Please output the listing exactly as it stands, but omit any images.

Top of SOURCE DATA

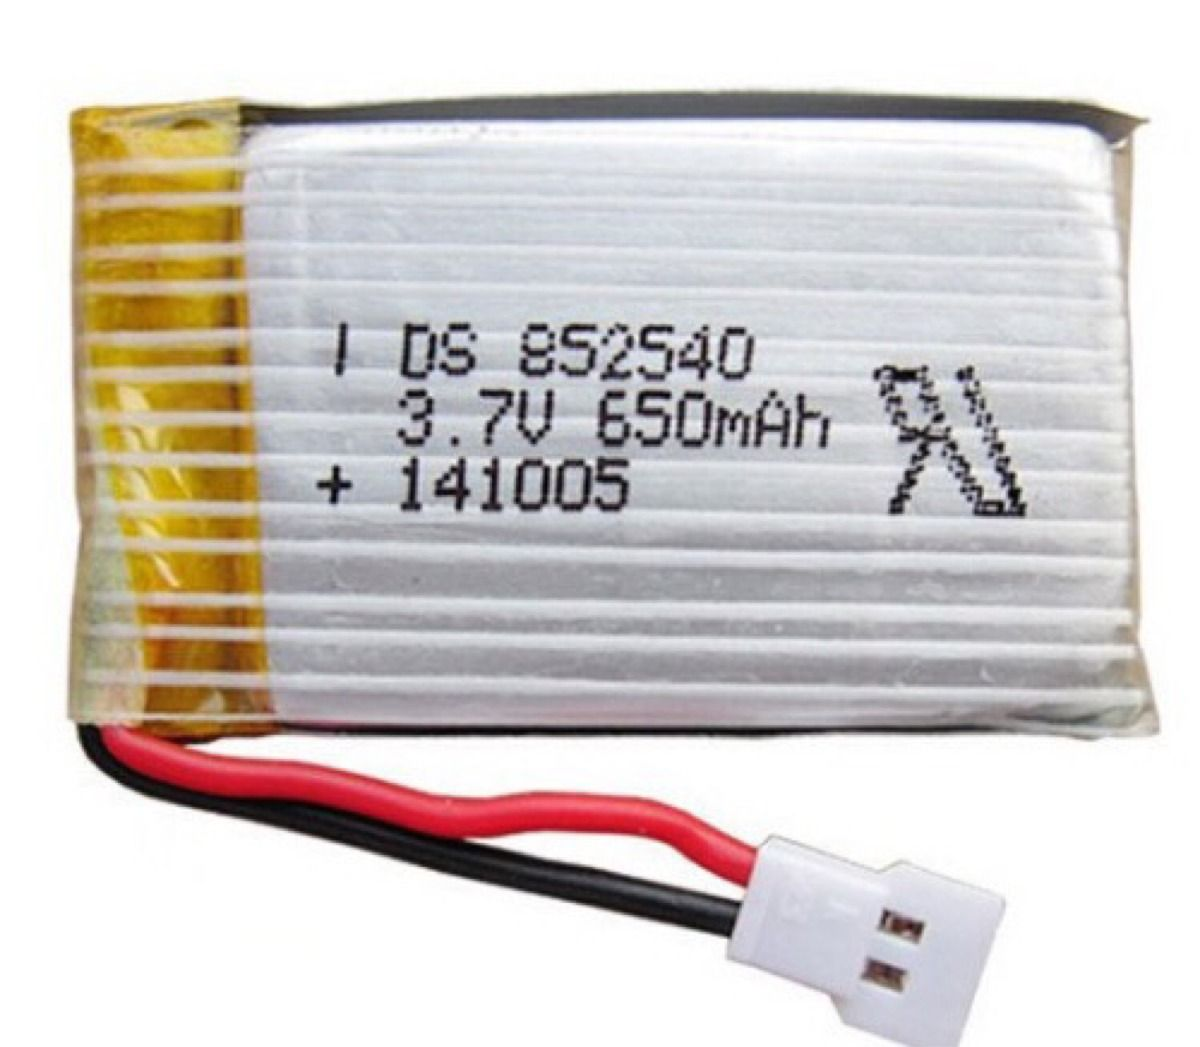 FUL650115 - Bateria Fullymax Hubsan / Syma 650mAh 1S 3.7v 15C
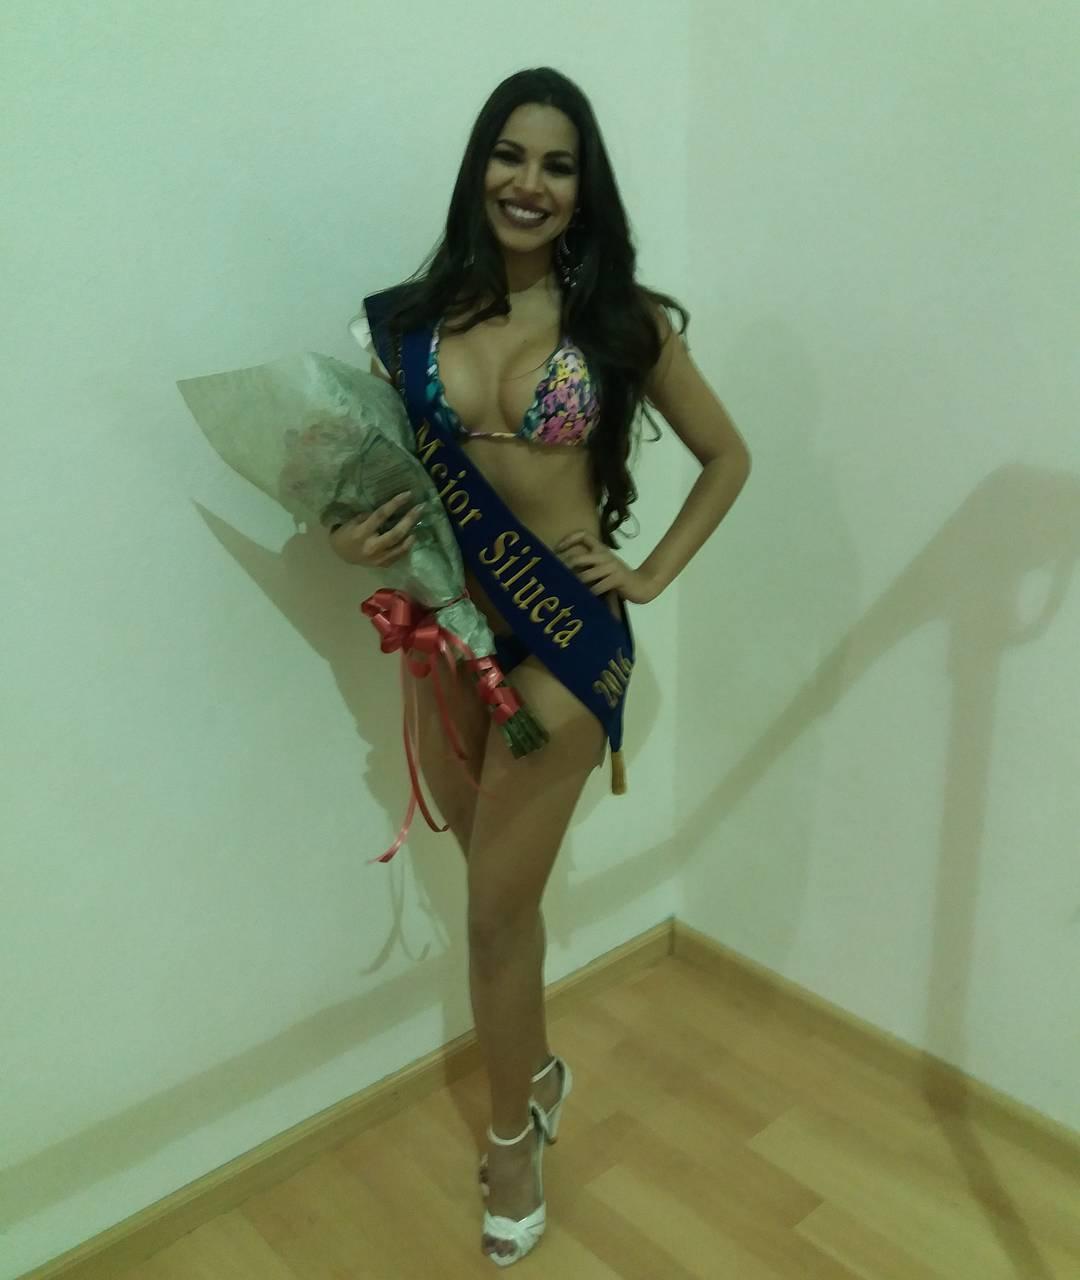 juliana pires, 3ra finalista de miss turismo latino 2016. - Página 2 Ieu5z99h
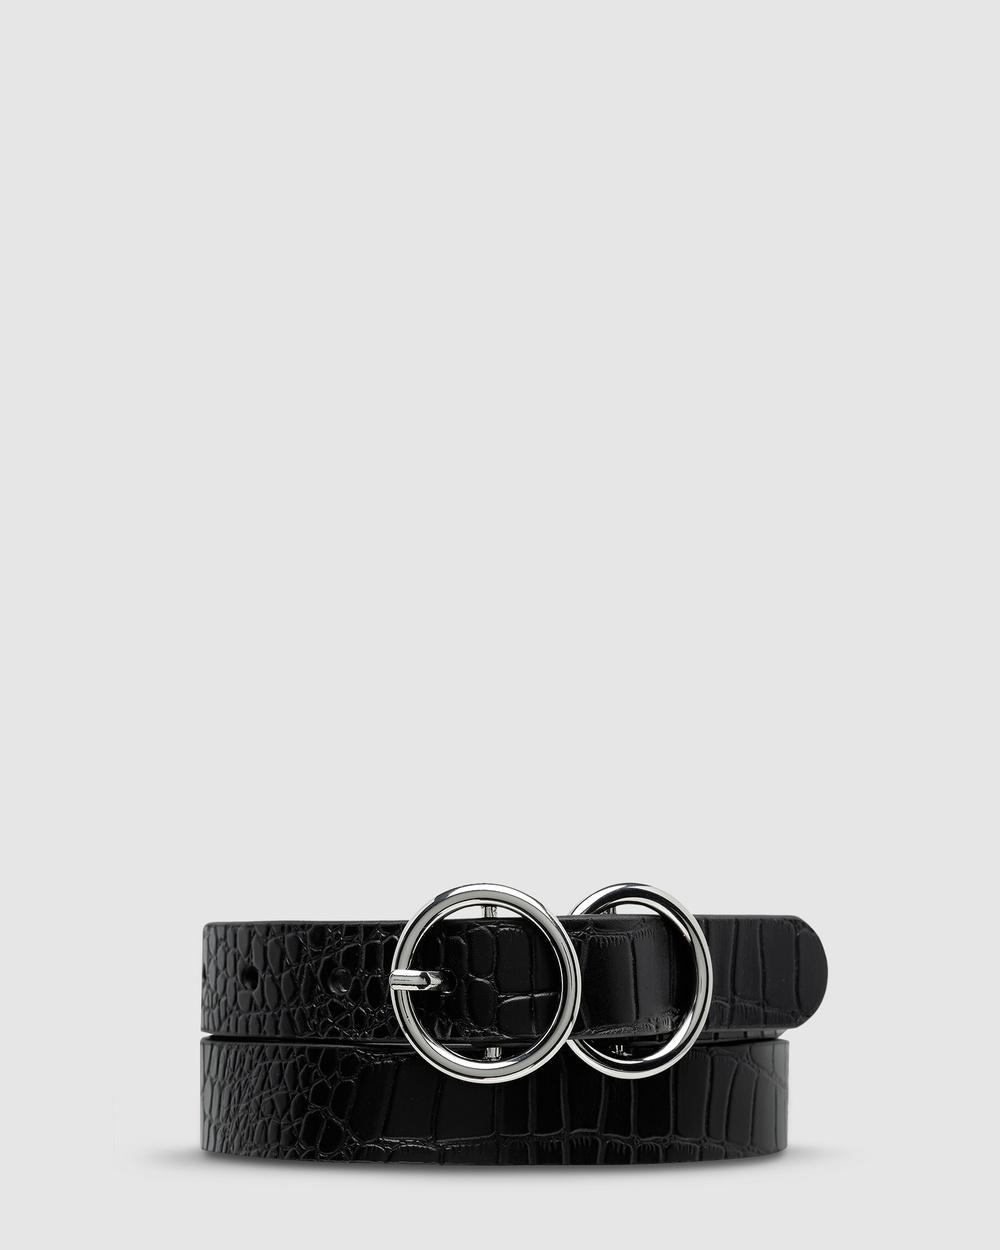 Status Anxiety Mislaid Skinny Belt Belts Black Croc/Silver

Bottom of SOURCE DATA

## SOLUTION
 FUL650115 - Bateria Fullymax Hubsan / Syma 650mAh 1S 3.7v 15C
 juliana pires, 3ra finalista de miss turismo latino 2016. - Página 2 Ieu5z99h
 Status Anxiety Mislaid Skinny Belt Belts Black Croc/Silver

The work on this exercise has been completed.